Filtering comments by topic and sentiment, you can also find out which features are necessary and which must be eliminated. Armed with sentiment analysis results, a product development team will know exactly how to deliver a product that customers would buy and enjoy.
Market research and insights into industry trends
As we said before, social media sites and forums are sources of information on any topic. People discuss news and products, write about their values, dreams, everyday needs, and events. And they do this voluntarily 24/7.
Sentiment analysis solves the problem of processing large volumes of unstructured data. Using this type of text analysis, marketers track and study consumer behavior patterns in real time to predict future trends and help management make informed decisions. Another benefit of sentiment analysis is that it doesn’t require heavy investment and allows for gathering reliable and valid data since its user-generated.
Workforce analytics/employee engagement monitoring
Some organizations go beyond using sentiment analysis for market research or customer experience evaluation, applying it internally for HR-related processes. These companies measure employee satisfaction, detect factors that discourage team members and eventually reduce company performance. Specialists automate the analysis of employee surveys with SA software, which allows them to address problems and concerns faster. Human resource managers can detect and track the general tone of responses, group results by departments and keywords, and check whether employee sentiment has changed over time or not.

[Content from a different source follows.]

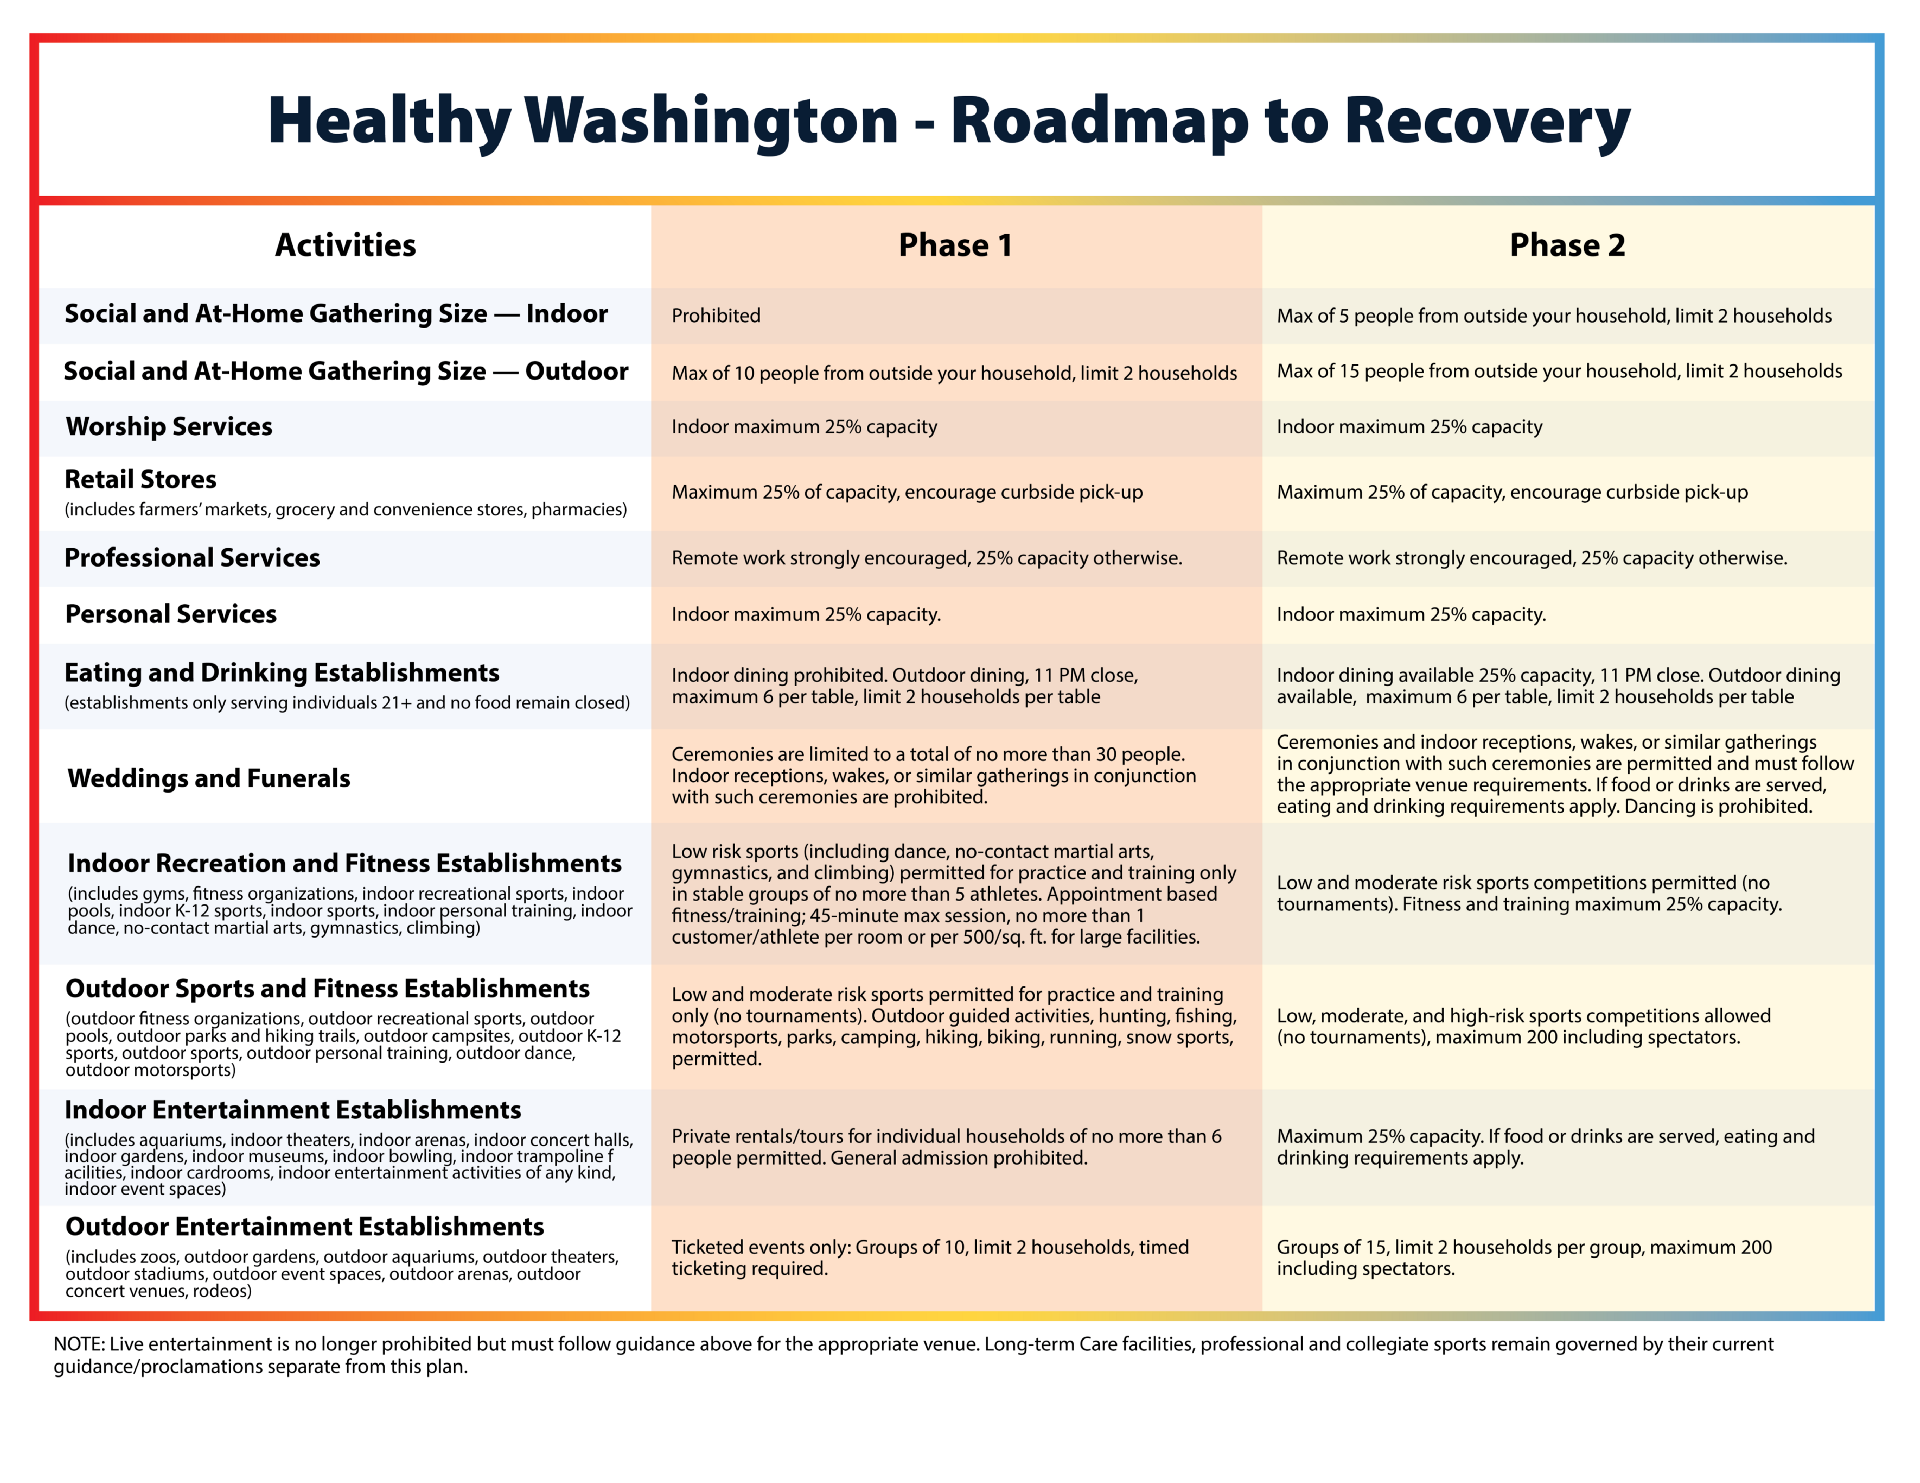 Healthy Washington Roadmap to Recovery
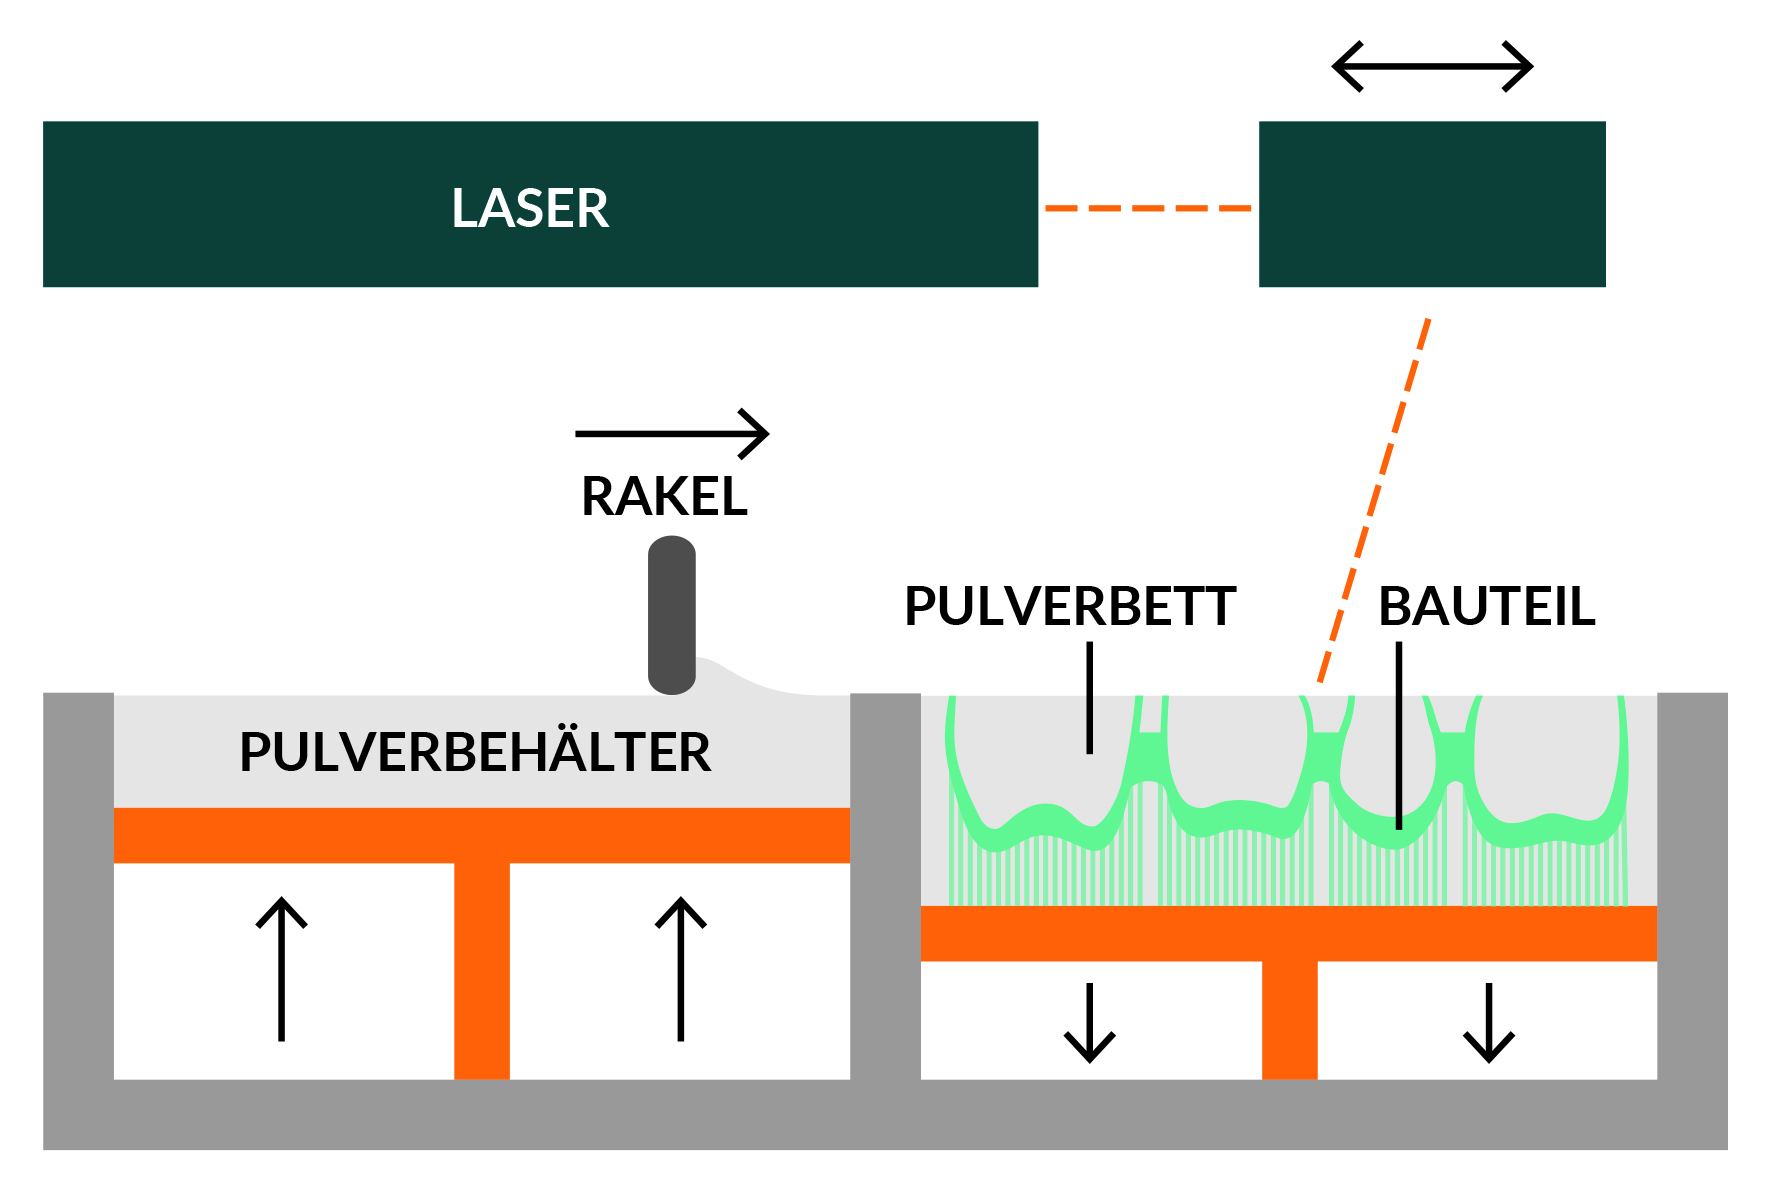 Metal structure LaserMelting framework (left) vs. metal structure Laser Sintering framework (right)

Sentiment analysis takes employee mood monitoring to the next level with real-time monitoring capabilities. For instance, team members can fill out survey forms with a single request to rate their workplace conditions every month. They can also analyze their posts in social media to find a possible connection between their state of mind and work lives.
Sentiment analysis allows businesses to harness tremendous amounts of free data to understand customer needs and attitude towards their brand. Organizations monitor online conversations to improve products and services and maintain their reputation. The analysis takes customer care to the next level. Customer support systems with incorporated SA classify incoming queries by urgency, allowing employees to help the most demanding customers first. Sentiment analysis is a powerful tool for workforce analytics as well.
Consider these steps if you decided to leverage sentiment analysis in your operations:
- Collect feedback data
- Make sure data is qualitative enough for analysis
- Look for ready-made software and APIs
- Hire a data science team if you’re working in a specific industry like healthcare, finance, or transportation.